I have been trying to replicate the previous question on combining LSTM with CNN : How to combine LSTM and CNN in timeseries classification

However, for one reason or another, my val_accuracy is stuck at 0.4166 since the first epoch.

Funnily, no matter the model architecture, this value is roughly the same. This makes me think there is something wrong somewhere but I don't know where to start troubleshooting.

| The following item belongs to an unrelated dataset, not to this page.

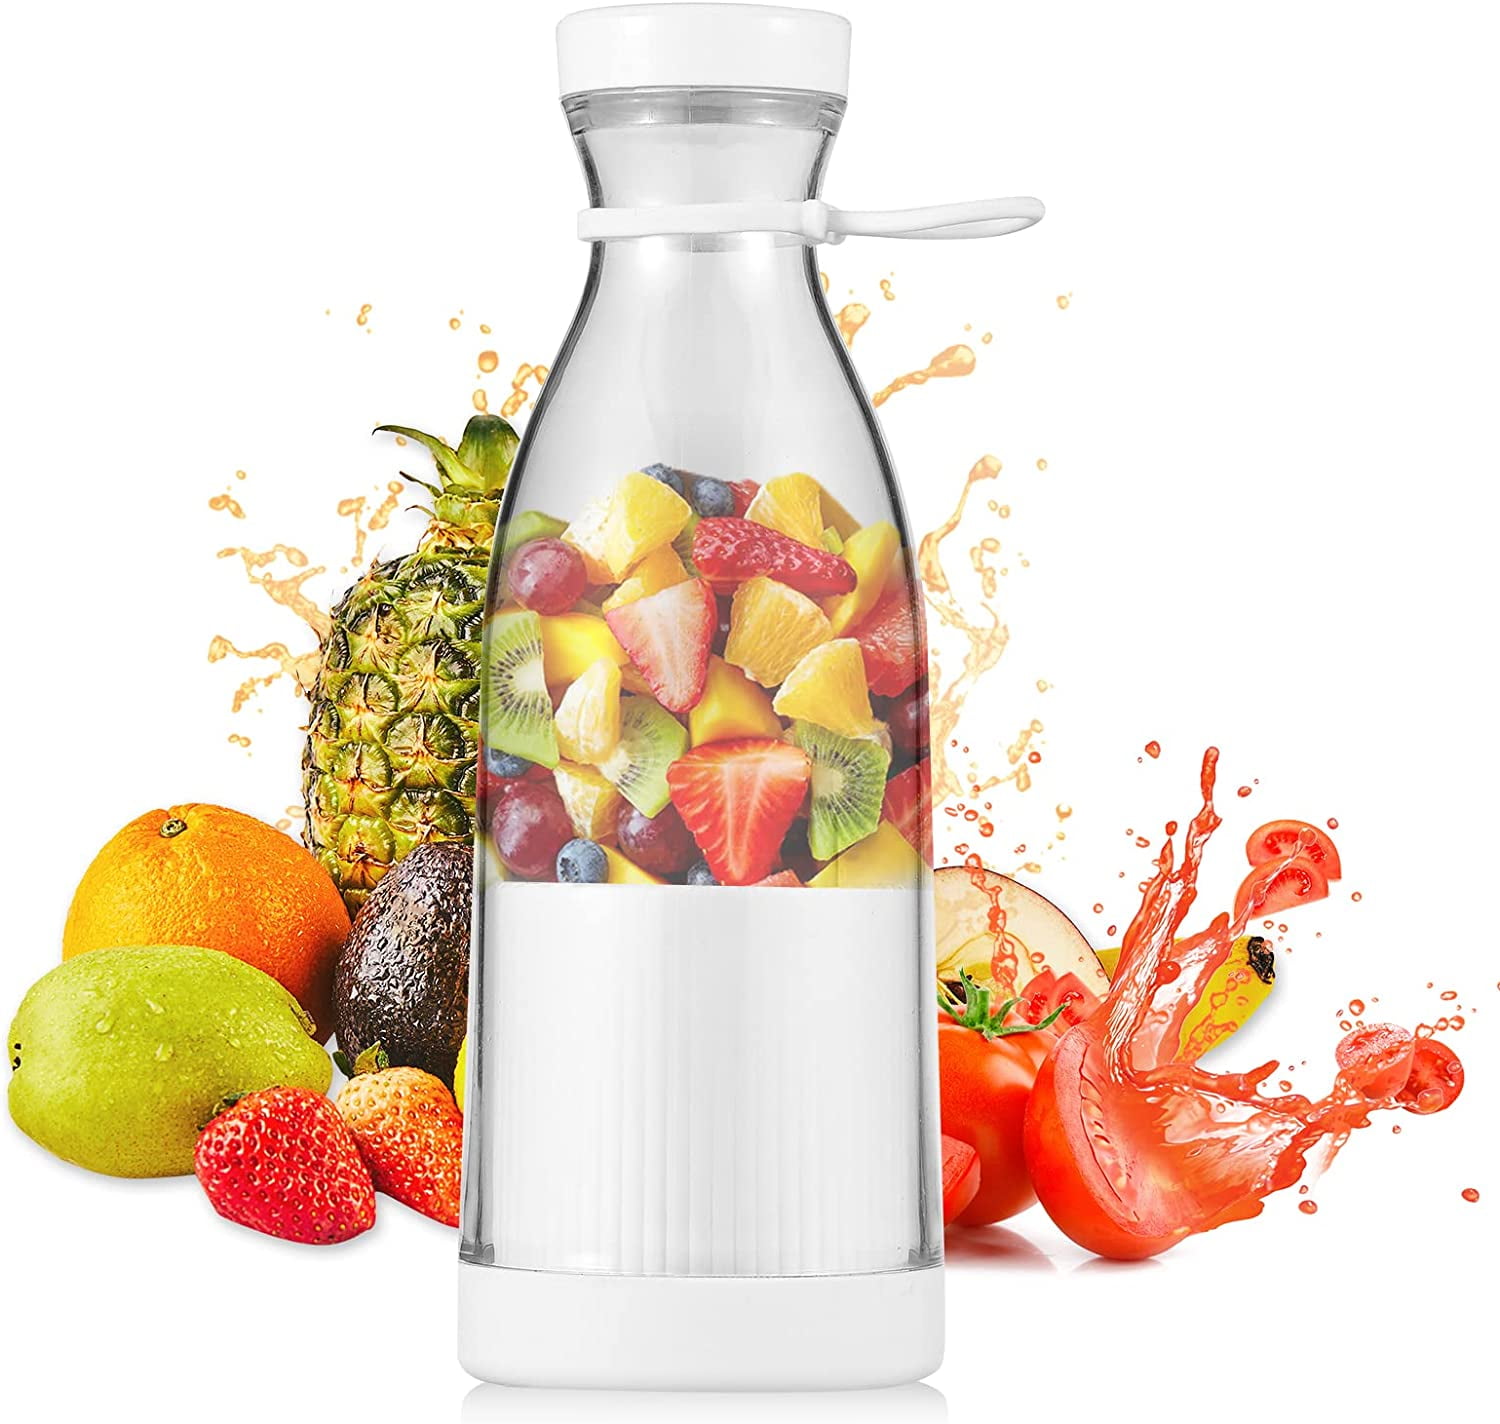  Smoothie Blender with 6 Sharp Blades, Personal Mini

Some background on the data:

Multivariate time series (5 time steps x 20 features) data with 3 possible classes.
Input shapes for training/validation/test sets are (180000, 5,20) / (60000,5,20) / (60000,5,20).
The X training set was standardized using sklearn StandardScaler and then transformed on the validation and test sets. The y labels were one-hot encoded.

Example model using LSTM and CNN:

model = keras.Sequential()
model.add(keras.layers.LSTM(200, return_sequences=True, 
                            input_shape=(X_train_scaled.shape[1], X_train_scaled.shape[2]) ))

model.add(keras.layers.Conv1D(200, kernel_size=3, activation = 'relu'))
model.add(keras.layers.GlobalMaxPooling1D())
model.add(keras.layers.Dense(100))
model.add(keras.layers.Dense(y_train.shape[1], activation='softmax'))
model.compile(loss='categorical_crossentropy', optimizer='sgd', metrics=['acc'])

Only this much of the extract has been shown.